In 1998, Tiësto joined forces with fellow Dutch deejay Ferry Corsten to create the trance-based duo of Gouryella. The first Gouryella track, also called "Gouryella", was released in May 1999 and became a huge hit, scoring various chart positions around the world, including a top-15 position in the UK Singles Chart. Tiësto showcased this track in Magik Three: Far from Earth as well as in his set at the first ID&T Innercity party (Live at Innercity: Amsterdam RAI), his first major breakthrough. The next single, entitled "Walhalla", also made it on the charts worldwide, peaking at No. 27 in the UK Singles Chart. Released via Ferry's Tsunami label, both singles went on to be certified Gold on record sales. During these years, Tiësto also collaborated with Benno de Goeij of Rank 1 under the name Kamaya Painters. In November 1999, he released the first installment of the In Search of Sunrise series. Since then, he performed monthly as a resident at Gatecrasher in Sheffield, and played a 12-hour set, his longest, in Amsterdam. On 31 December 1999, he performed at Trance Energy 2000, a special party held by ID&T for the turn of the millennium.
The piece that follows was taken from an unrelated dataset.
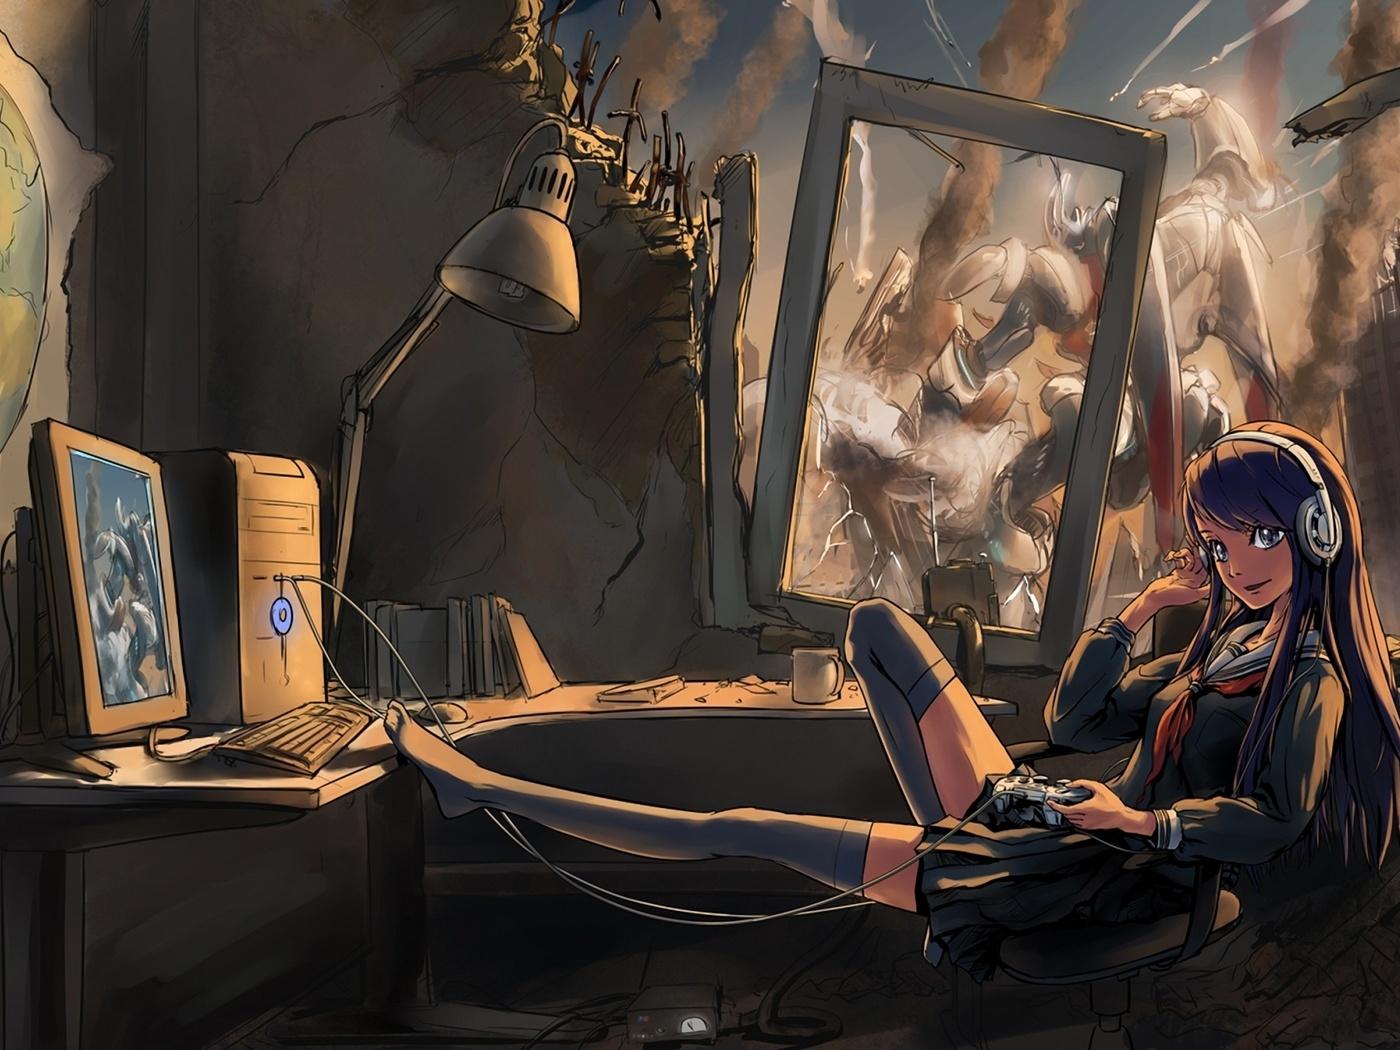 Картинка на рабочий стол на тему меха, джойстик, наушники, девушка

Together with Armin van Buuren, Tiësto created two projects in 2000; Alibi – "Eternity", which was released on Armind, and Major League – "Wonder Where You Are?", on Black Hole. After the release of "Tenshi" in September 2000, Tiësto decided to concentrate on his solo work and left Ferry Corsten to take on the Gouryella project solely as his own. Through his first compilations and the "In Trance We Trust" series, he ended up introducing Armin van Buuren and Johan Gielen to the mainstream. Summerbreeze marked Tiësto's U.S. debut, a mix album that showcased his remix of Delerium's "Silence", which spent four weeks in the UK's Top Ten chart and reached number three in the Billboard dance chart. In Search of Sunrise 2 was released in November 2000.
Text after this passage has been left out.